四柱推命ピタグラフ

文字数 831文字

 四柱推命で占ってもらえるソフト。四柱推命とは、生まれた年、月、日、時の四つの柱から人の運勢や吉凶を判断する中国発祥の占い。
 占いソフト。それはゲームといえるのだろうか。いや、ゲームとして発売されたなら、やはりゲームだ。アイドルのデータベースや妖怪図鑑など、「それはゲームなのか?」「それは誰が買うのか?」などと問いたくなるゲームは、昔の方が多かった気がする。
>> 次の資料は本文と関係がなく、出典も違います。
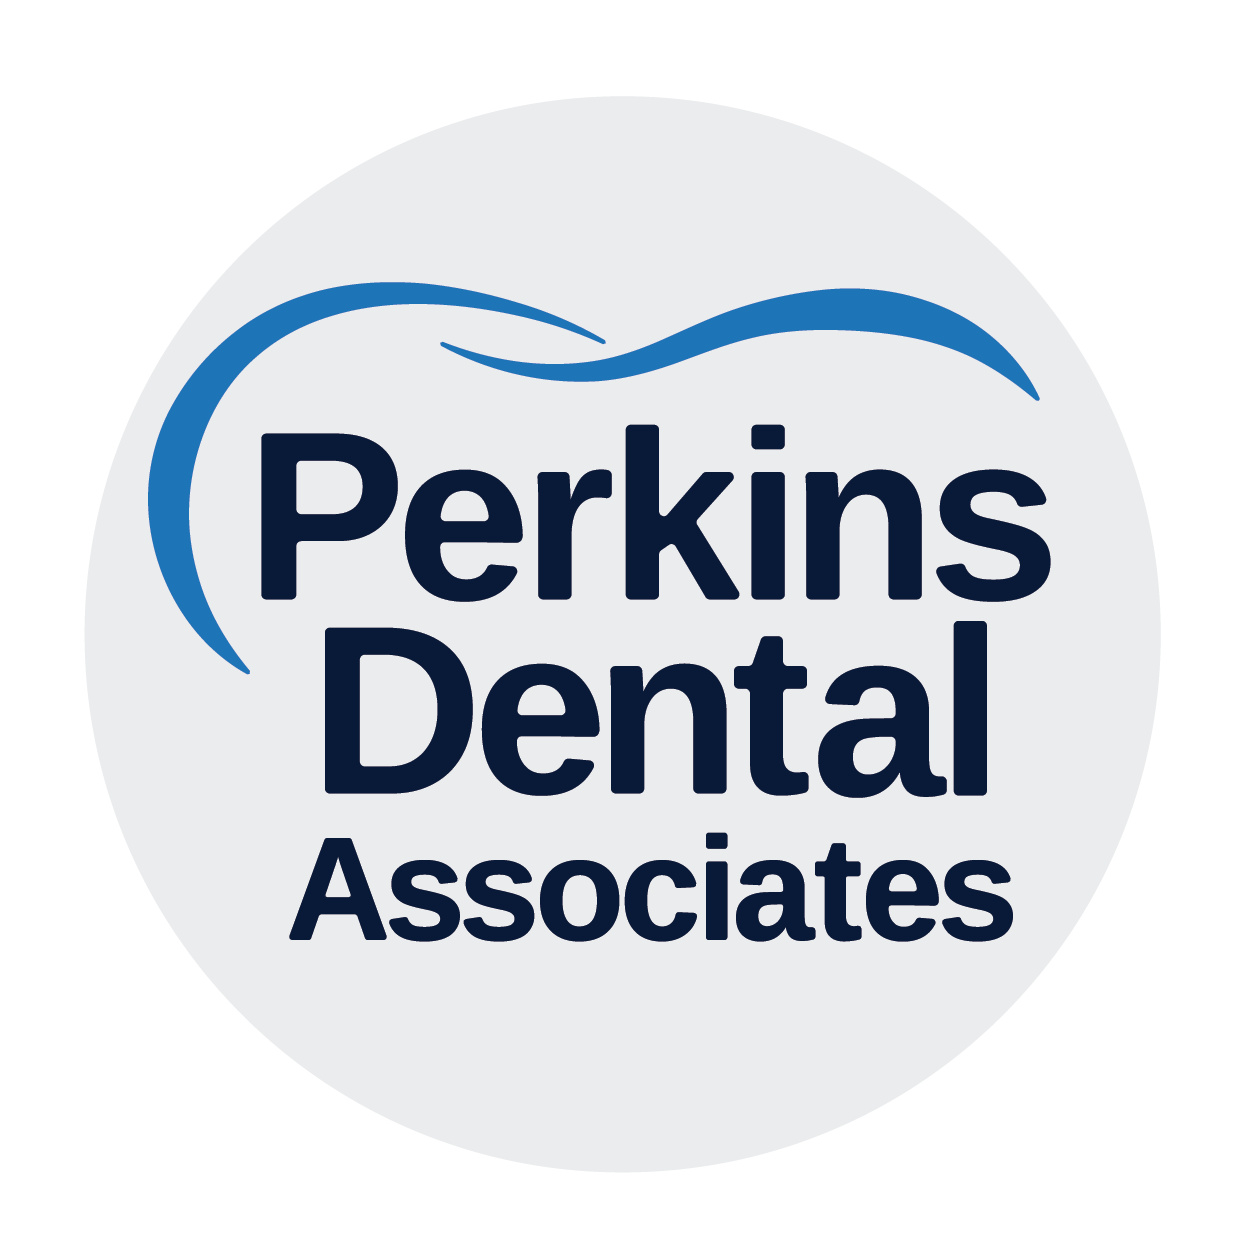 Perkins Dental Associates social logo

いまなら占いサイトなどネットでいくらでも転がっているが、ネットがそれほど一般的ではなかった頃は、こういう占いソフトも貴重でありがたかったのかもしれない。
 でも占いに興味があるなら、実際に占い師に見てもらったり、詳しい本を買ったりした方がいいんじゃないの? などといまの自分は思ってしまう。ゲームじゃなくてもいいような。
 とはいえ過去の自分は購入してプレイしているわけだ。「ぼくはもう一人の他人だ」というアルチュール・ランボーの言葉を思い出す。自分がどういうつもりで買ったのか謎である。
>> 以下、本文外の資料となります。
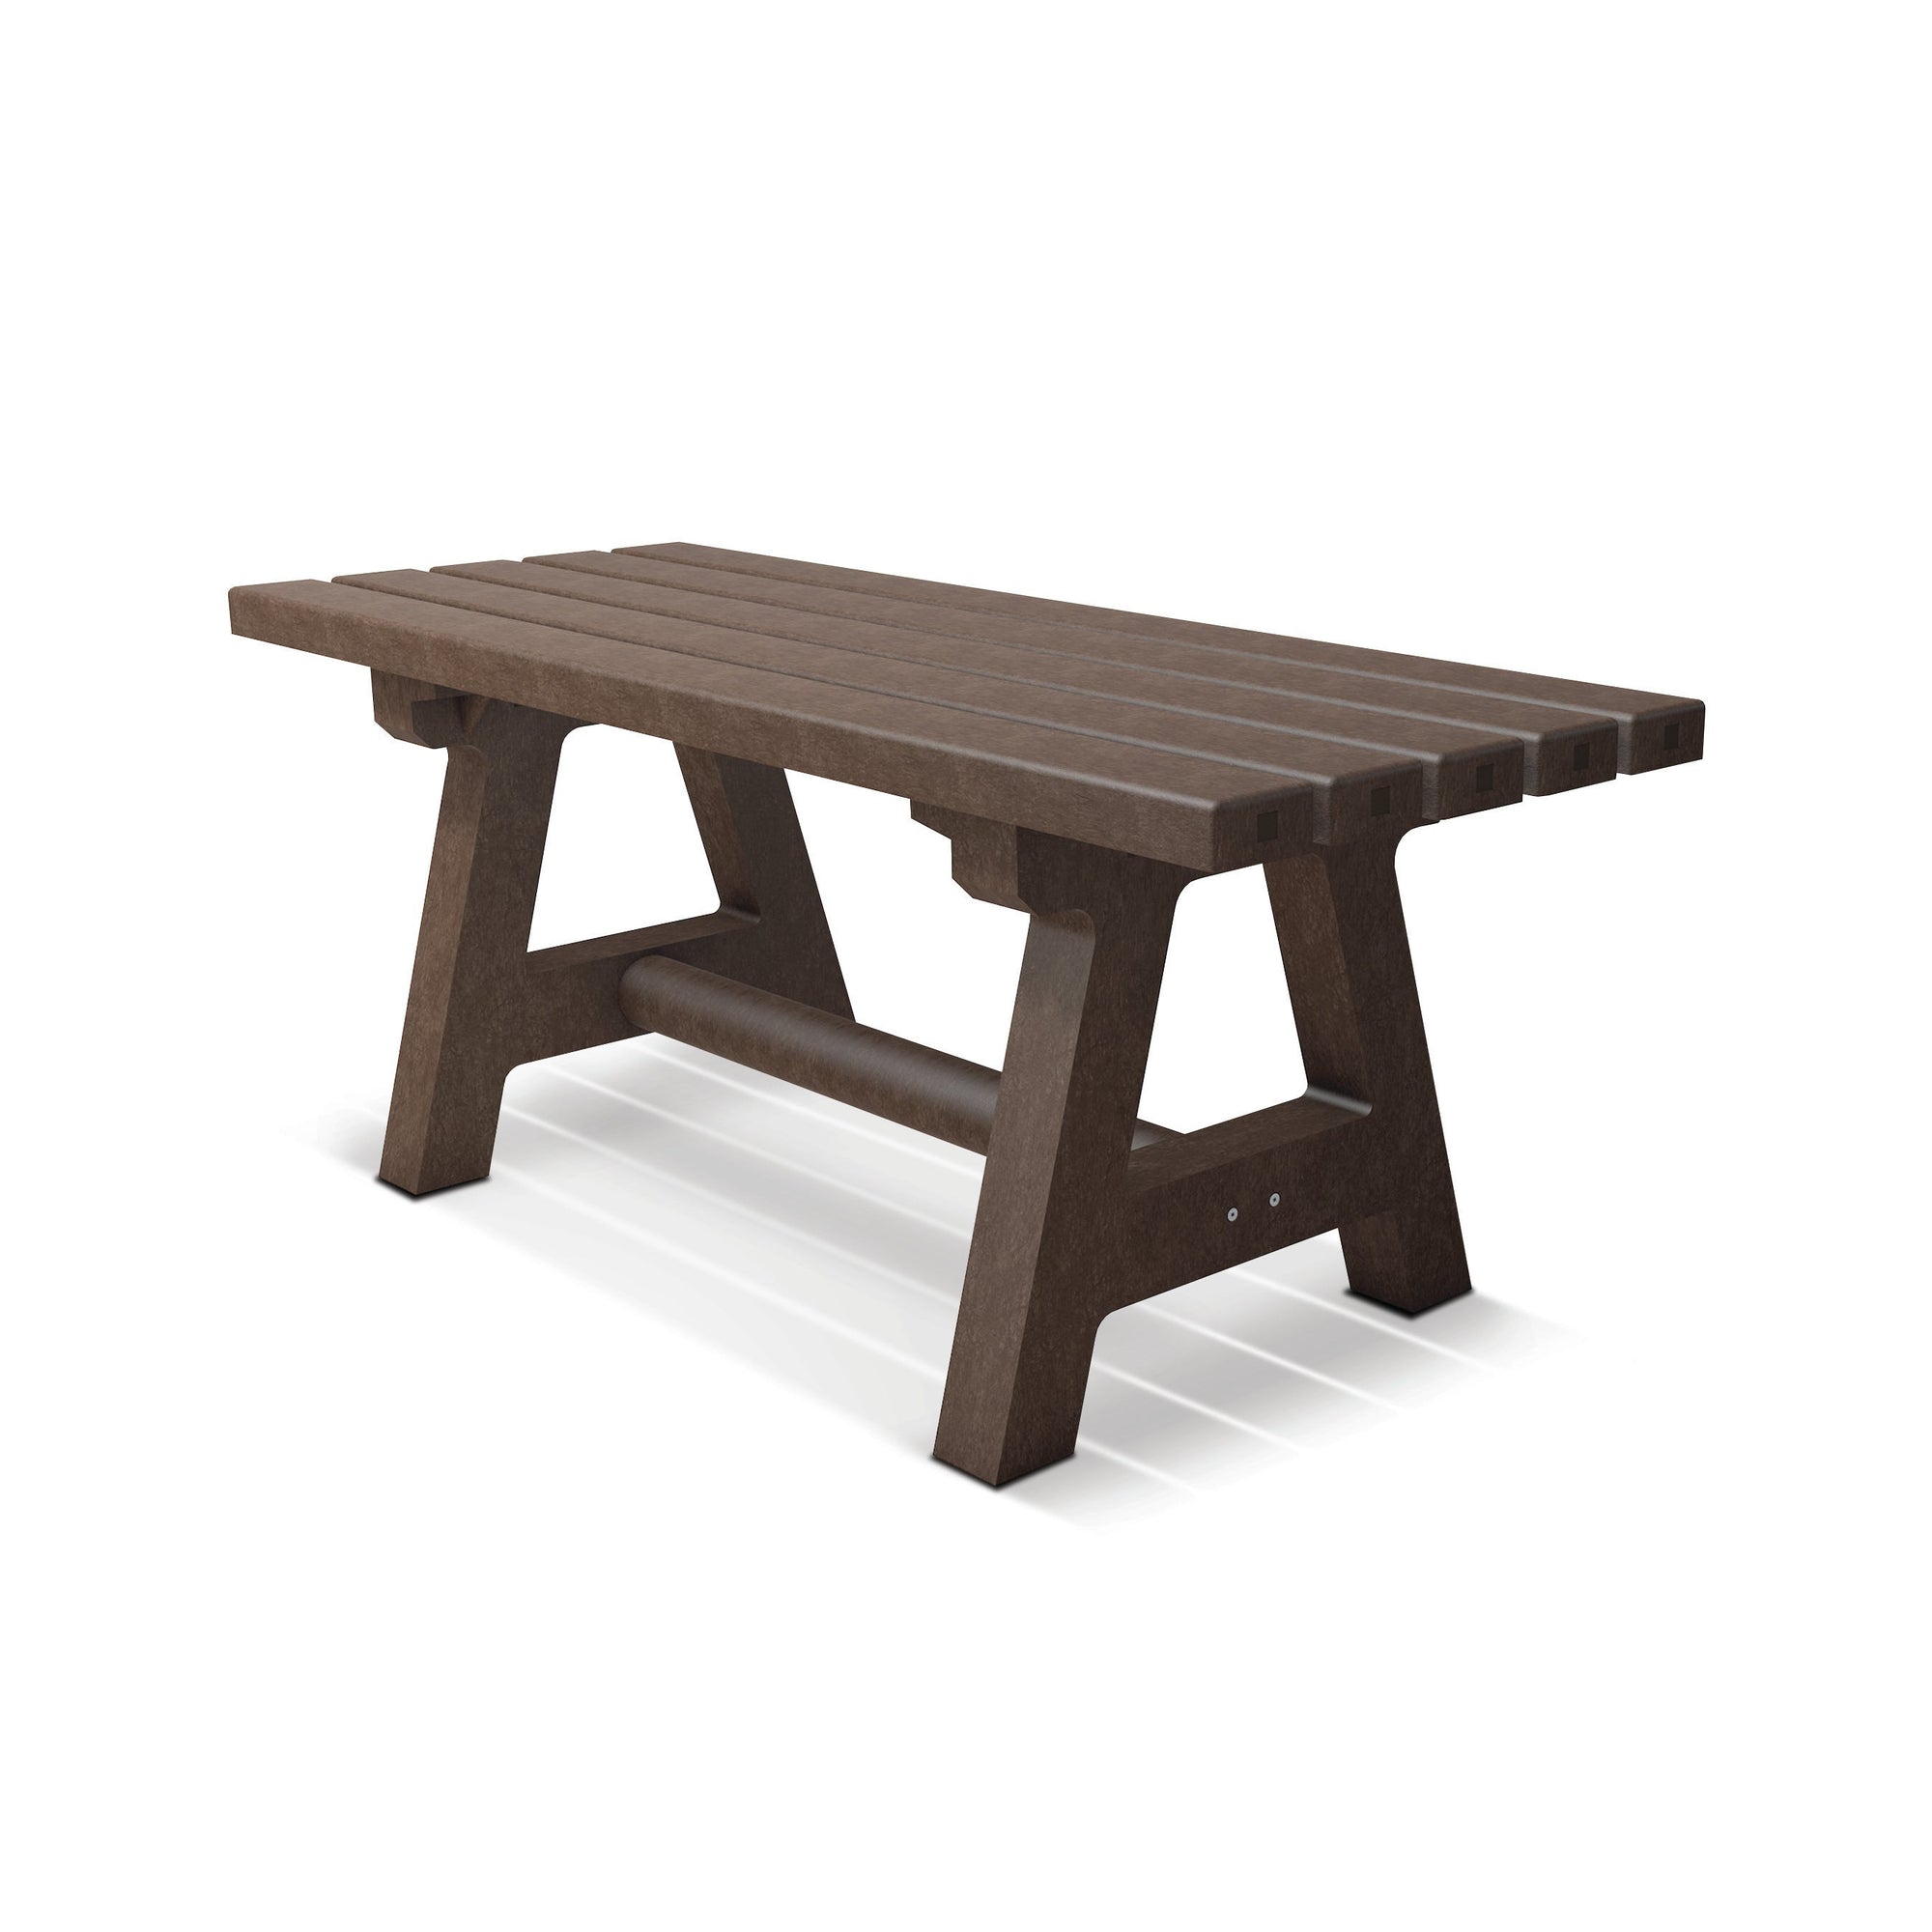 Recycled Plastic Lumber Outdoor Table, PreK-2

 誕生した日付や時間を入力して占ってもらうだけだから、遊びの部分、ゲーム性といえる部分はかなり稀薄だ。じゃあ何でこのゲームが記憶に残っているのかというと、それはただひとつ、「余命診断」というモードがあったことに尽きる。
 食の傾向や生活習慣など、いくつかの質問に答えていくと、最後におどろおどろしい文字で「あなたの生存日数はあと○○○○○日」と自分の寿命が表示される。それが非常に印象深かった。そうか、自分はあと○○○○○日で死ぬのか、とすんなり信じたものだ。
 肝心の数字は忘れてしまった。何桁だったかも覚えていない。メモしておけばよかったといまになって思う。当たろうが当たるまいが、興味深い情報だからだ。といっても、いまもう一度プレイしたいとは思わない。当時の自分が目にした生存日数を知りたいのだ。そのときの感慨も含めて。
 それにしても、ゲームに死を宣告されるとは。たしかに、それも遊びには違いないけど。